S’il existe un sujet digne d’intérêt pour la compréhension des événements tragiques de l’histoire, des bûchers de l’inquisition au décret espagnol du sang impur et du port de la rouelle, à la Shoah, comptable d’un million cinq cent mille enfants assassinés, c’est bien la mise au jour et l’étude de la façon dont fonctionne ce lien.

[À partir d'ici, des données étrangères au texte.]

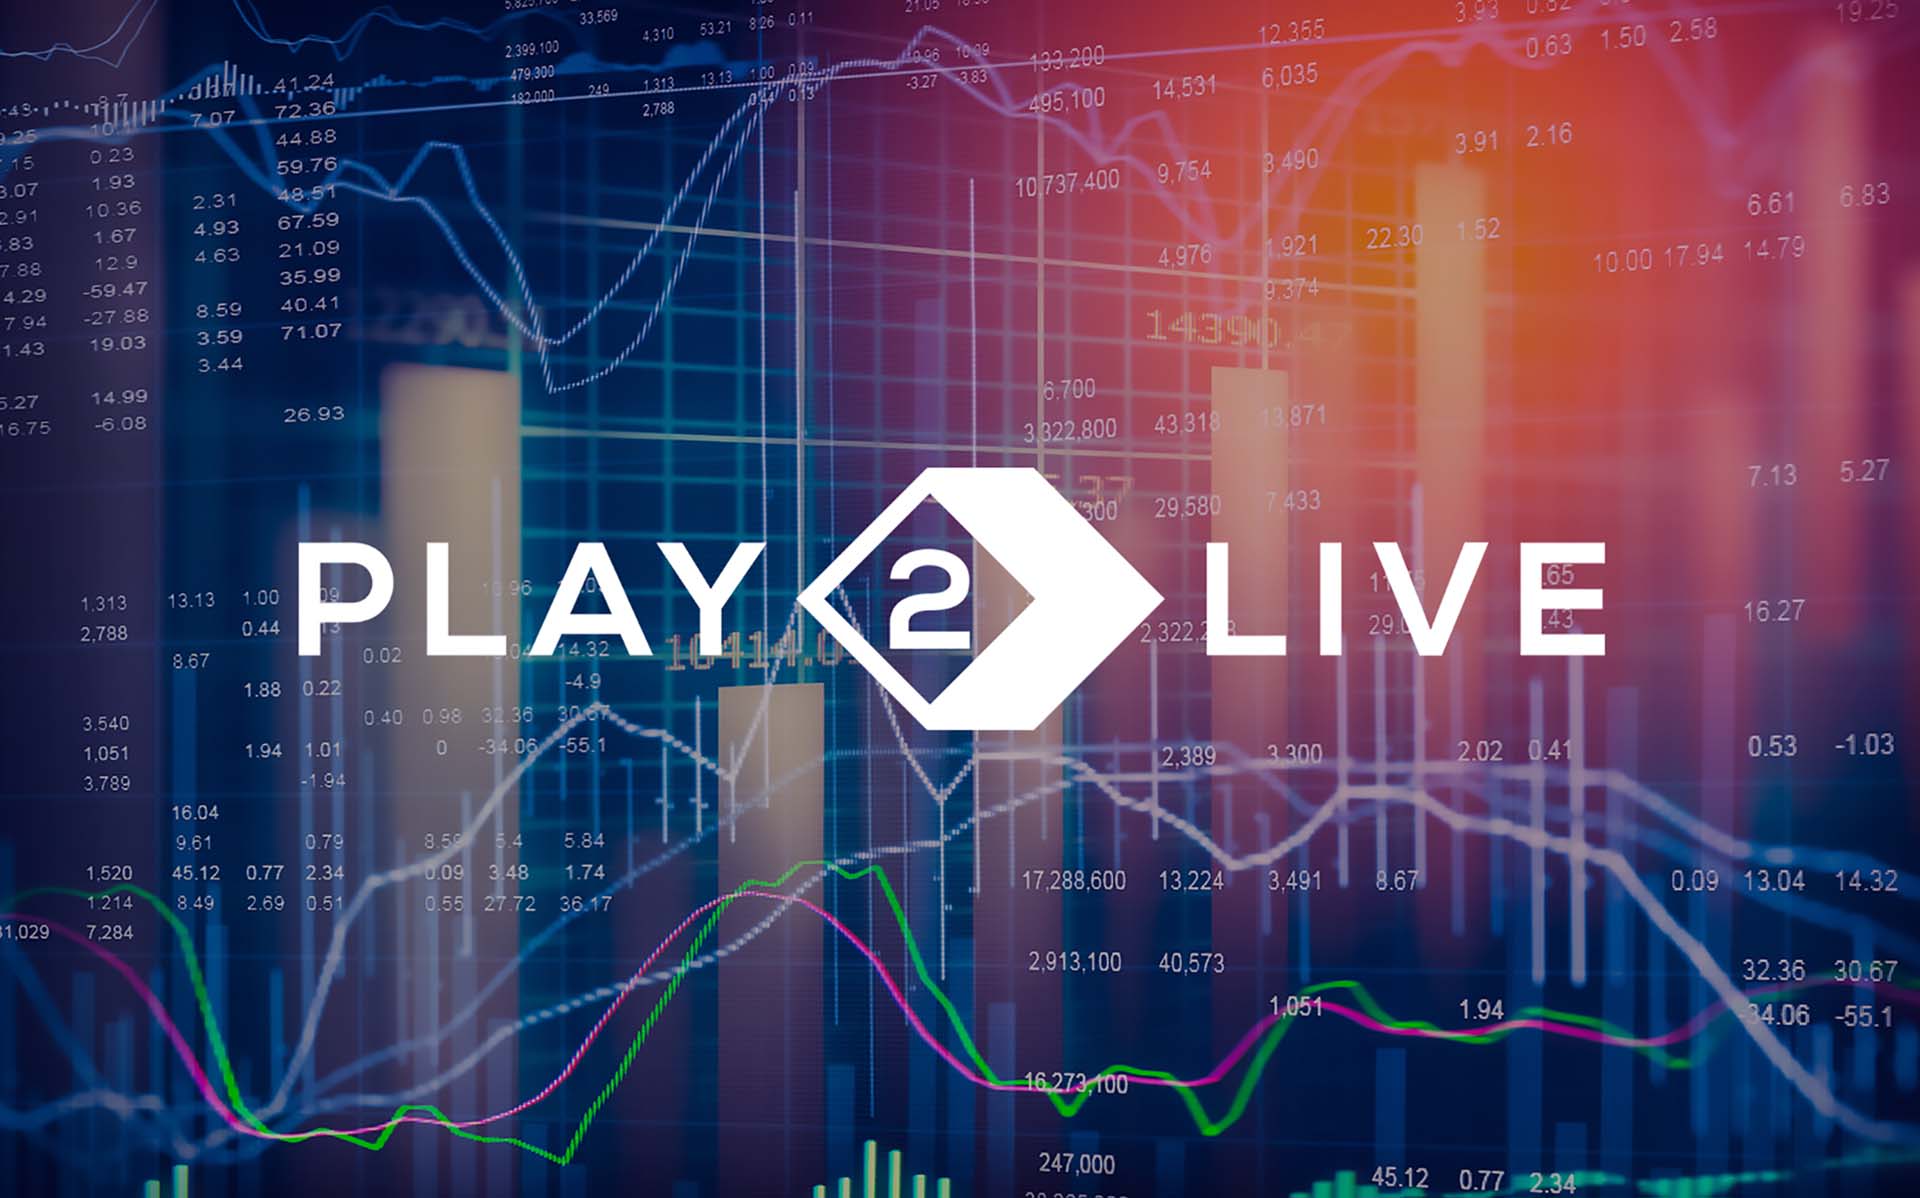 Play2Live Enters Crypto Exchanges and Launches Payments in LUC Tokens on P2L.TV

Auparavant, Léon Poliakov avait démystifié l’omerta qui règne sur le sujet :

« On croit deviner les raisons pour lesquelles l’érudition du XXe siècle préfère se taire sur les diatribes antijuives d’un Voltaire ou d’un Kant, d’un Proudhon ou d’un Marx » et « de se demander s’ils n’expriment pas une orientation essentielle de la pensée occidentale ».

Poliakov concluait que:

« C’est à la théologie […] que revient le rôle primordial (celui d’une infrastructure si l’on veut) dans les mutations de gauche ou de droite de l’antisémitisme. » (Avertissement, Histoire de l’antisémitisme, t3)

Quelle est donc cette infrastructure qui va subir des mutations pour passer du nazisme au bolchévisme ? De l’inquisition à l’expulsion ? De la haine aux pogromes ?

Chaque peuple se cherche une origine et un chemin de vie, une conception de la parentalité, de la sexualité, de la reproduction, de la spiritualité et de la mort ; chaque peuple antique se trouve des dieux père et mère « à l’origine » ou bien des dieux multiples.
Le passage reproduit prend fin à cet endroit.